My mother continued working all the way through her radiation treatment. I don’t think she had much choice, not if she wanted to still have a job when she was done. At the time I was angry about that, the lack of safety net in this country. So many workers without real job protection, many without short-term disability coverage. And even if you have short-term disability can you get by with a reduced percentage of your income if you’re already living paycheck-to-paycheck?
It is sometimes tempting to regard people who work through their treatments for severe illness as strong, inspirational. Standing at my kitchen window, making tea, feeling my pain, I try to let go of the comparison to my mother. There are many reasons to admire her, but this is not one of them.
If I have cancer I will take a leave of absence from work to treat it because I can, not because I am weak. There is strength in resting and it is a privilege I wish everyone were granted.

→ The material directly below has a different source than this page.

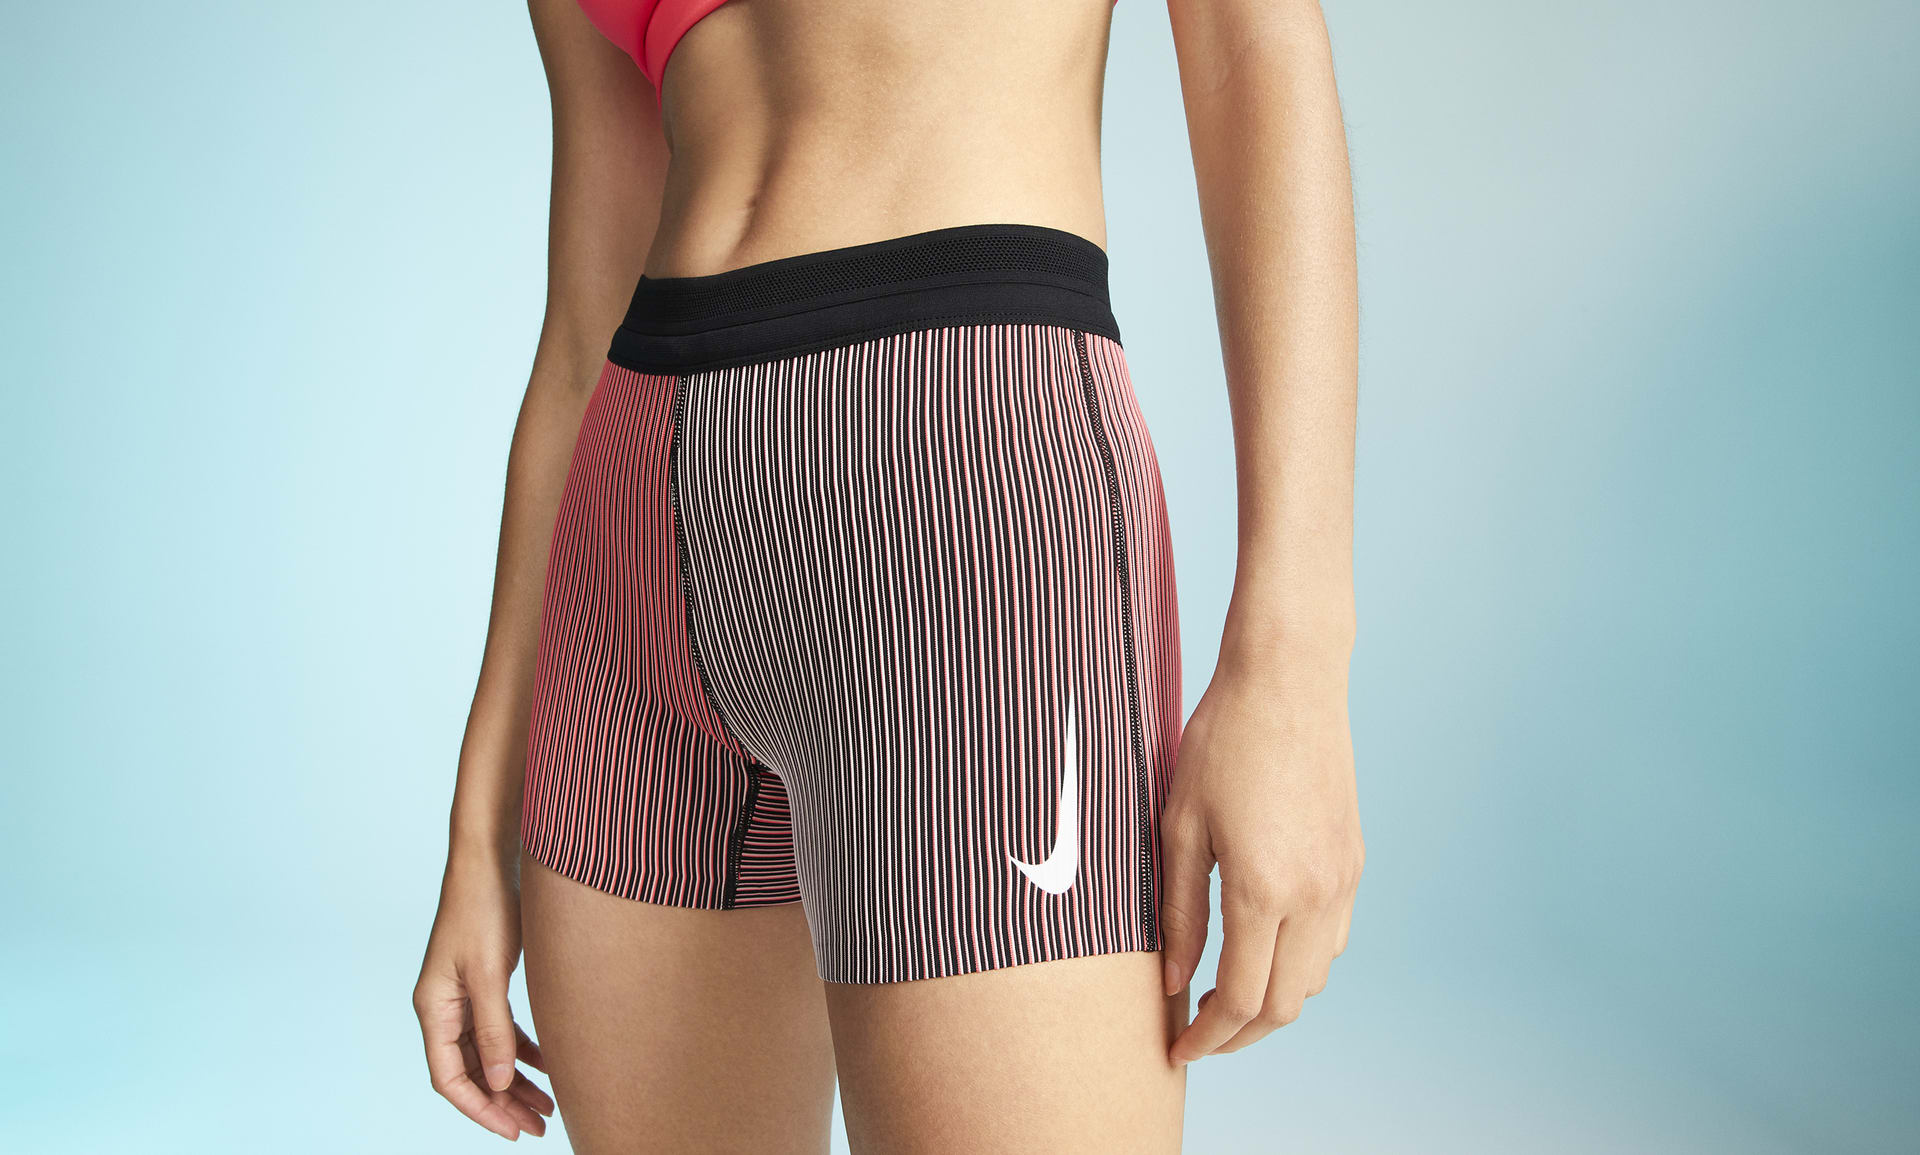 Nike Women's AeroSwift Tight Running Shorts, Size: Medium, Black
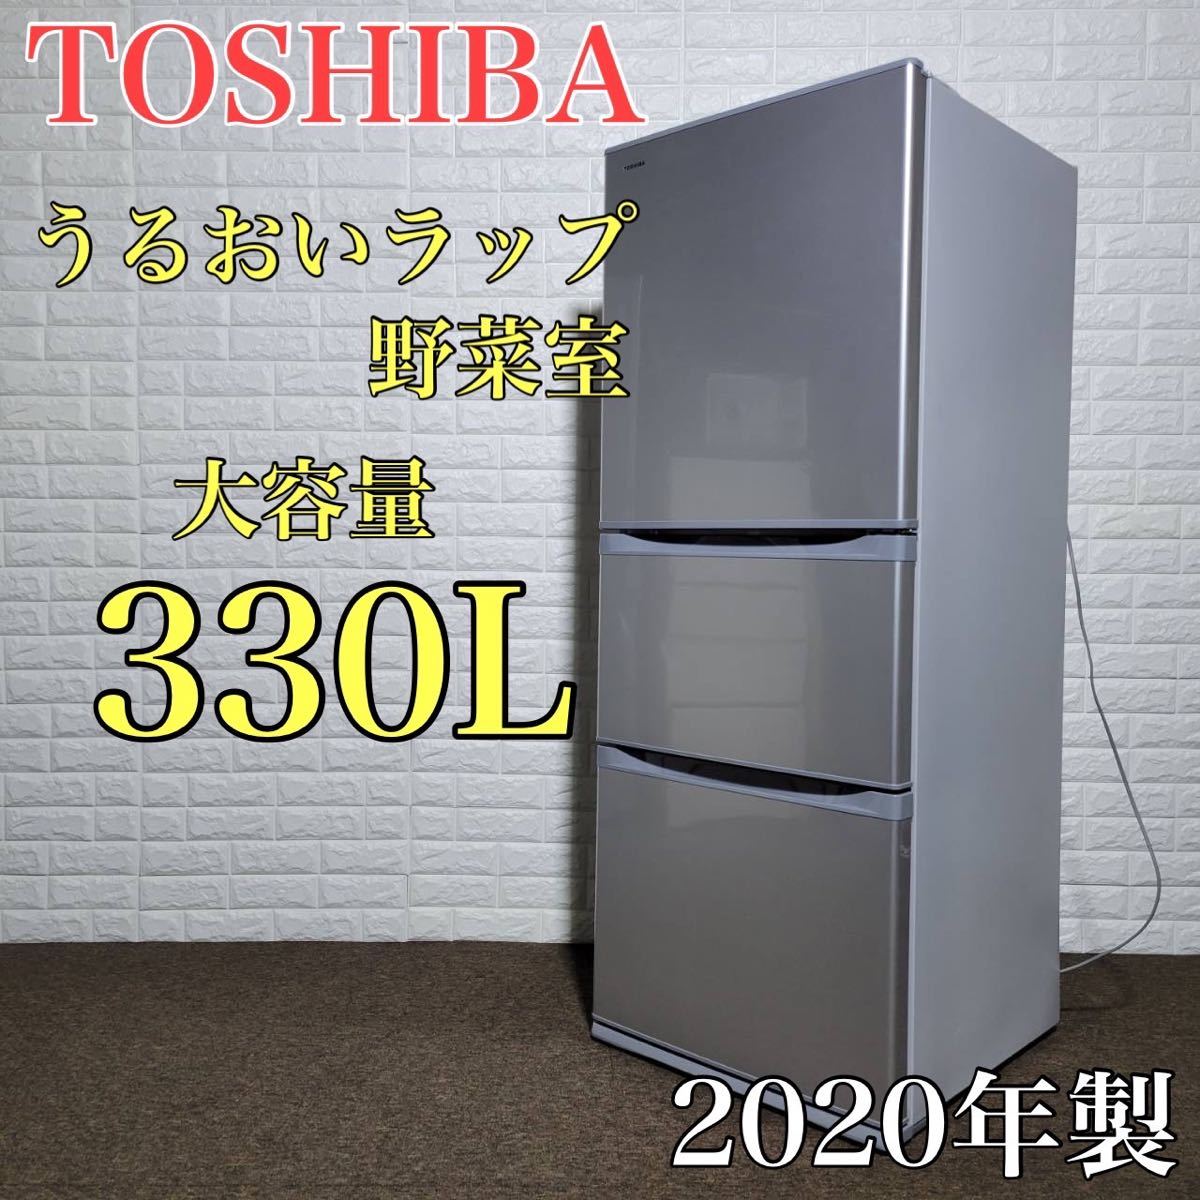 TOSHIBA 冷蔵庫 GR-R33S 大容量 330L 2020年 M0028-

The results of the biopsy are as expected: benign papilloma. I am given a referral to a surgeon to discuss removal.
Lebo’s L-chapter, “Lump,” is the only one not about a food. In it, she describes finding a lump in her breast, which a mammogram reveals to be only a cyst. She calls her mother and tells her “I had my first cancer scare.”
I resent her this easy resolution. I am bruised and sore. And I am dreading surgery to remove this thing that is not supposed to be there, even though it is, currently, benign.
I am also not done. I see my primary care physician two days after the biopsy results come back benign. I am there to discuss with her a constellation of vague symptoms that I will not detail here, but that are on the list of things that often serve as the only warning sign of ovarian cancer.
Unlike my initial mammogram, these symptoms I am actually worried about, and have been worried about since reading Nadia Chaudhri's twitter thread detailing her experiences leading to her ovarian cancer diagnosis. By the time I see my doctor, Chaudhri has passed away from her illness (this is not a shock as she was already in the hospital when she wrote the thread. I shed tears at her death, though she was a stranger).
I am not terribly surprised, then, when I get to the chapter where Lebo discusses her college roommate's ovarian cancer. By this time I have accepted the weird synchronicity of this book and this experience.
I am afraid, not just of cancer, but that my new doctor, who I am meeting for the first time, will not take me seriously. My experiences of trying to advocate for myself in the medical system have been mixed and I am aware that mentioning a concern this specific can backfire. Fortunately, she takes me seriously and orders a transvaginal ultrasound.
I have done this before, once in my 20s to check for ovarian cysts, and again while I was pregnant. I remember vaguely that the one in my 20s was painful (though the ones while I was pregnant were not) so I have the foresight to not try to go back to work afterwards.
During the procedure I find myself on the verge of a panic attack. Not so much because having your abdomen probed from the inside is invasive and uncomfortable—though it certainly is—but because I have been swimming in worry about this for weeks. I focus on my breathing and, as my brain is paddling toward panic, I make a bargain with my body, “if you let this not be cancer, I’ll buy you a pony.”
This is a ridiculous. It is already either cancer or not cancer. There is nothing my body can do in the moment of imaging to change that. Moreover, I have never actually wanted a pony, not even as a child.
Still, I am just superstitious enough that when the ultrasound results come back showing only two small fibroids and nothing that indicates cancer, I keep the deal. A small figurine of a carousel horse now sits on the bookshelf above my desk.
Very well written, & totally relatable. And I love your new pony.